Previous articles 1 & 2 have spelled out why college or graduate schools often do a seriously bad job handling investigations, hearings and decisions on disciplinary charges against students. They’ve detailed how students are often denied due process in many campus disciplinary hearings that, for example, forbid students from having legal representation during hearings, fail to spell out or properly investigate charges, or give school officials virtual carte blanche in presenting and deciding cases.
Any lawyer who has tried to help students in school disciplinary proceedings will have stories of almost unbelievably unfair procedures, unlike those found in any hearings elsewhere, and painfully amateurish or arbitrary decision making.

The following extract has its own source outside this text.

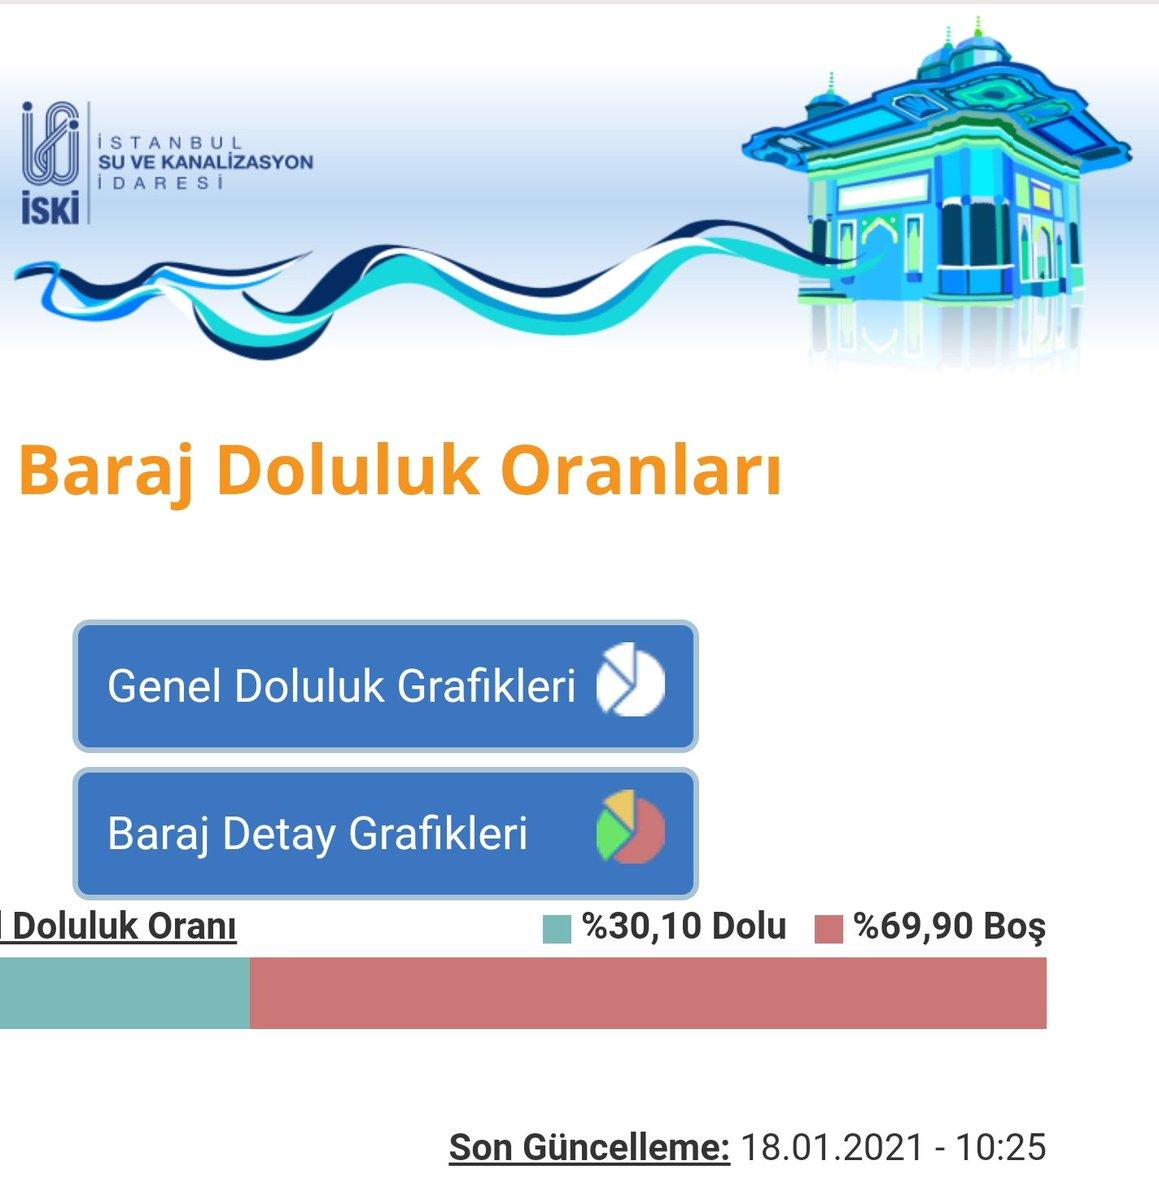 Barajlarımız doluyor, tasarrufa devam... ⛈️ Son yağan kar yağışının ardından, %19'a kadar gerileyen İstanbul barajlarının doluluk oranları %30'a çıktı. 🌨️❄️⛄ Pendik Ömerli Baraj Gölü'nde ise su seviyesi %16'dan %27'ye yükseldi. Lütfen suyumuzu dikkatli kullanalım. 💧 https://t.co/Yvf895GH2H
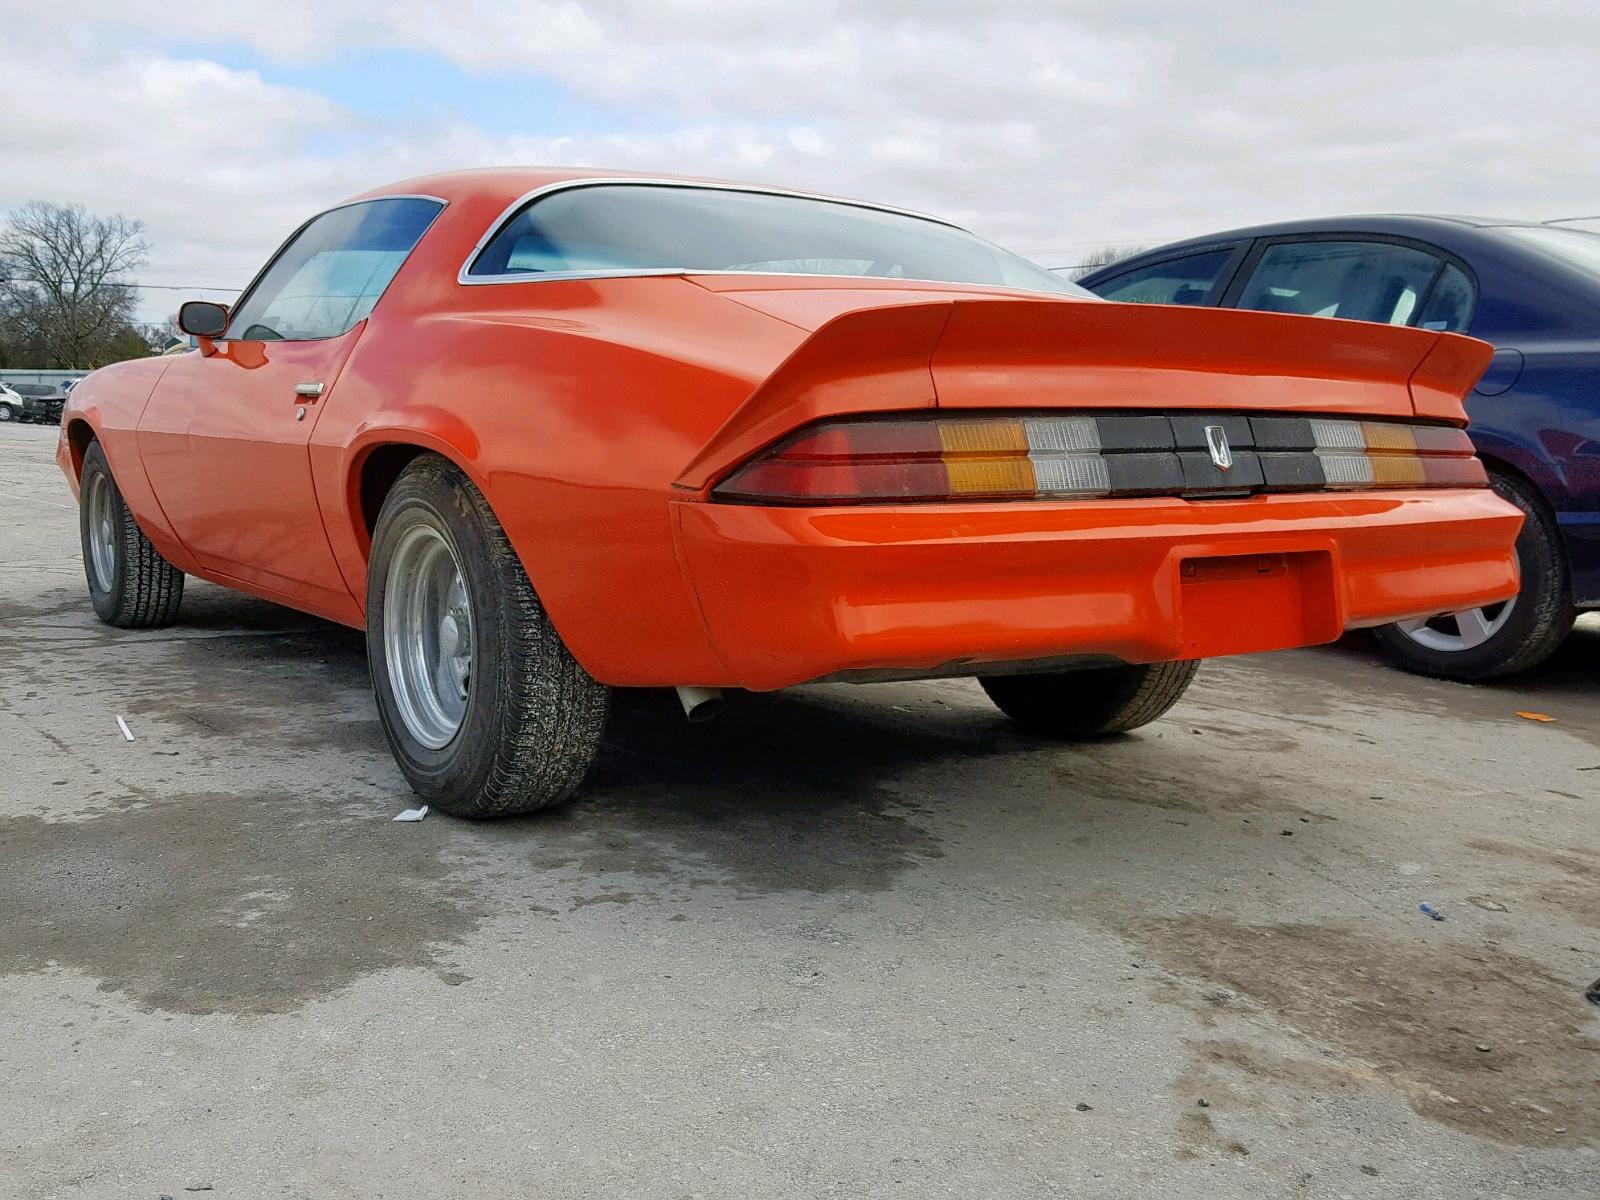 1980 Chevrolet Camaro In Tn Nashville 1p87kal539927

For example, I once represented a client at a school disciplinary hearing in which the top campus security official offered testimony that two other students had reported my client had used drugs during the current semester. The “testimony” contained no details whatsoever on where or when the alleged drug use took place. The “informants” also chose to remain anonymous, and school officials bringing the case made no attempt to reveal the informants’ identity, much less their reliability or potential animus towards the accused. It probably goes without saying there was no opportunity to confront or cross-examine the nameless accusers.
Adding to the proceeding’s absurdity: the charges the student faced had nothing to do with his use or possession of drugs. In any objective criminal court, the “evidence” would have been excluded as hearsay, irrelevant and prejudicial. Similarly, the accused would have been accorded the constitutional right to confront and cross-examine accusers — but not at this institution of higher learning.
As recognition mounts of the serious flaws in college disciplinary hearings, a variety of proposals have been offered to mend it. Some of these suggestions would in fact make things far worse, not better. The U.S. Department of Education’s Office of Civil Rights (OCR), which is supposed to protect students’ civil rights on campus, in fact has taken the lead in suggesting new ways schools should trample on the rights of students facing school disciplinary hearings.
For example, when post-secondary students face school disciplinary hearings on charges of sexual misconduct (the term encompasses a wide range of accusations, ranging from unwelcome advances up to assaults), OCR has urged schools not to accord an accused the presumption of innocence, which is automatic in any real court in the land.
Instead, OCR argues for a “preponderance of the evidence” standard — meaning that whoever is deciding the case (usually a group of academics, school staffers or students, all likely to have little or no appreciation of the civil and legal rights issues) need only view the case against an accused as slightly stronger than the case presented by the defense.
When Harvard University set rules to be used university-wide in disciplinary hearings on complaints of sexual misconduct, a good part of its law faculty (whose views had not been sought) joined a letter slamming the procedures, closely based on OCR’s recommendations, for lacking “the most basic elements of fairness and due process” and being “overwhelmingly stacked against the accused.” Why would a college pay attention to OCR’s “guidance”? Perhaps because the agency has the authority to block all federal funds to schools it sees as failing to safeguard students’ rights — as measured by its unfair interpretations.
That’s not the end of dubious ideas bubbling out of the federal government. A White House federal task force working on campus sexual assaults touted this brainstorm well over a year ago: turning nearly all phases of such cases to a “single investigator,” who would investigate the case; interview the accuser, the accused and any witnesses; and then decide the case or advise a school tribunal on how to resolve it.
Not surprisingly, a non-profit group dedicated to protecting student rights in school disciplinary hearings lambasted this proposal as empowering one likely ill-trained or untrained student or staffer to serve as an all-in-one “detective, prosecutor and judge.” A far better suggestion would be, in appropriate cases, for campus officials to bring in an independent investigator, one trained and experienced in the ways student rights would be protected in the world outside the campus gates.
The North Carolina legislature recently adopted a first-in-the-nation law, which deserves wider consideration: it guarantees public college and university students the right to hire and be accompanied by an advocate, who could “fully participate” in campus disciplinary hearings.
The new law isn’t perfect: it exempts proceedings run solely by students, and doesn’t apply to the state’s private-school students. But getting similar provisions adopted by other states, and having OCR change direction to promote, rather than campaign against, the rights of students accused in school disciplinary proceedings, would be significant improvements.